The Shire of Minhamite was a local government area about 270 km west of Melbourne, the state capital of Victoria, Australia. The shire covered an area of 1365.62 km2, and existed from 1871 until 1994.

==History==

Minhamite, initially part of the Shire of Belfast, was incorporated as a shire on 13 January 1871.

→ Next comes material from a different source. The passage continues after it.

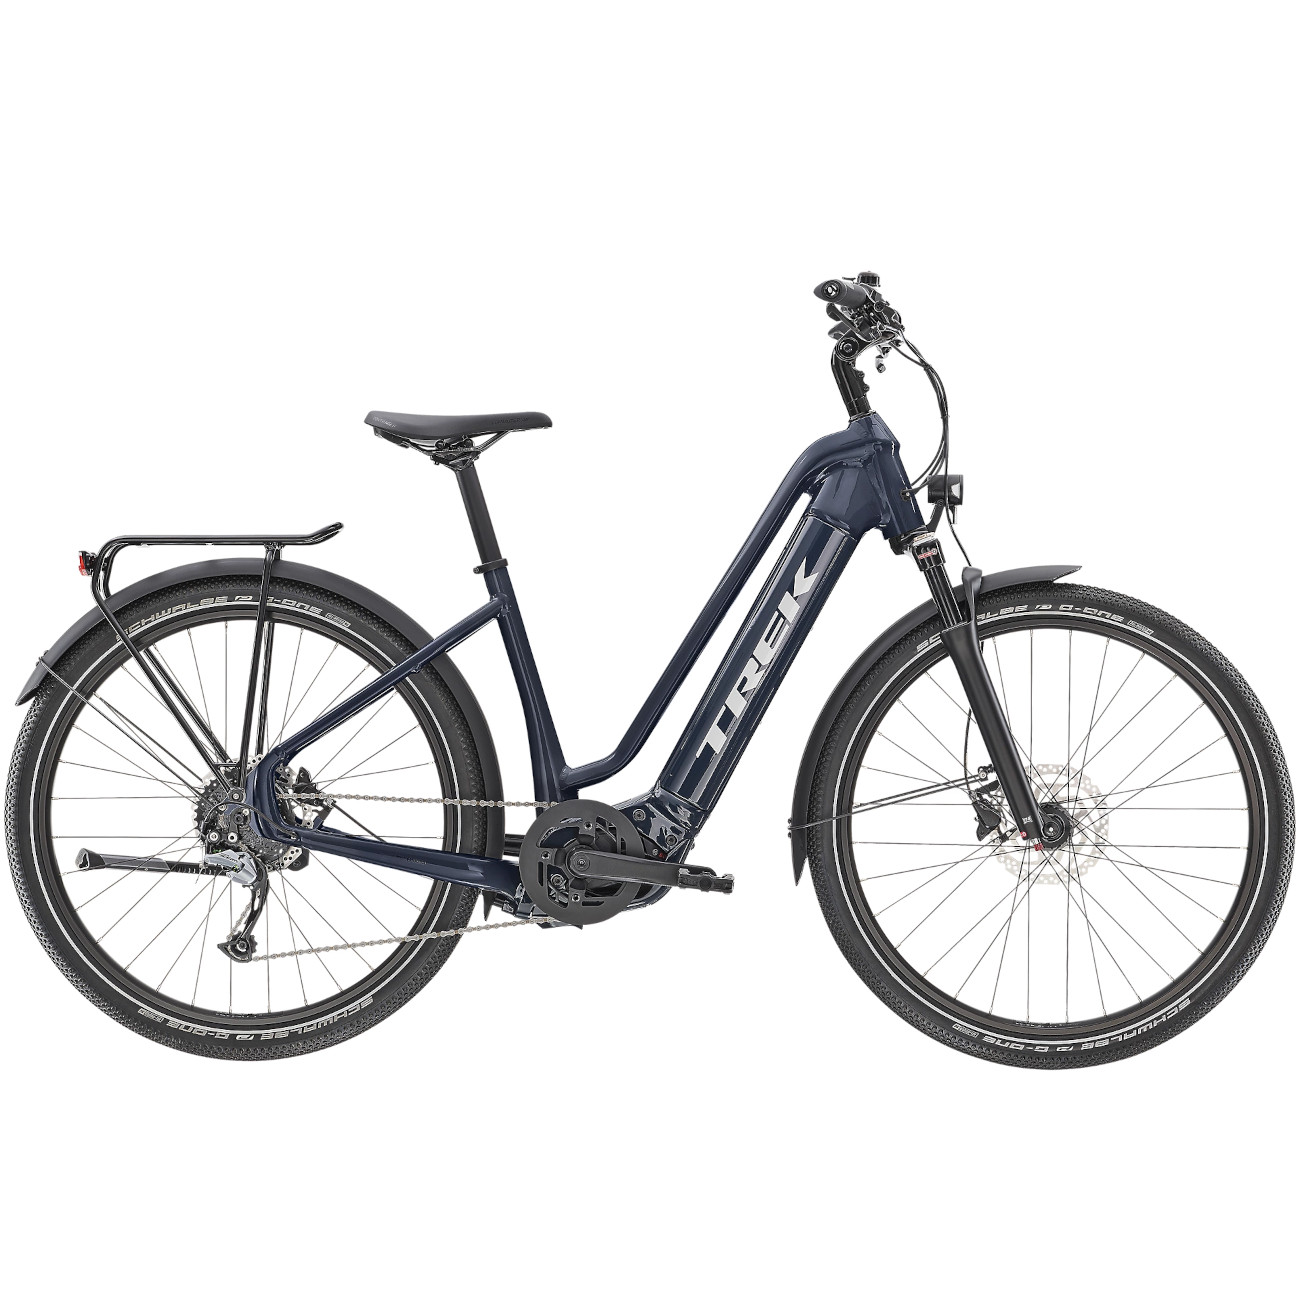 Trek Allant+ 7 Lowstep Tiefeinstieg E-Bike - 2022 - Nautical Navy

On 23 September 1994, the Shire of Minhamite was abolished, and along with the Borough of Port Fairy, the Shire of Belfast, parts of the Shires of Dundas, Mortlake, Mount Rouse, Warrnambool, and the Tower Hill Reserve, was merged into the newly created Shire of Moyne.

===Ridings===
The Shire of Minhamite was not divided into ridings, and its nine councillors represented the entire shire.

==Towns and localities==
- Bessiebelle
- Broadwater
- Hawkesdale
- Knebsworth
- Macarthur
- Minhamite*
- Orford
- St Helens
- Tarrone
- Warrong
- Willatook

- Council seat.

==Population==

| Year | Population |
|---|---|
| 1954 | 2,520 |
| 1958 | 2,760* |
| 1961 | 2,907 |
| 1966 | 2,824 |
| 1971 | 2,503 |
| 1976 | 2,229 |
| 1981 | 2,183 |
| 1986 | 1,950 |
| 1991 | 1,747 |

- Estimate in the 1958 Victorian Year Book.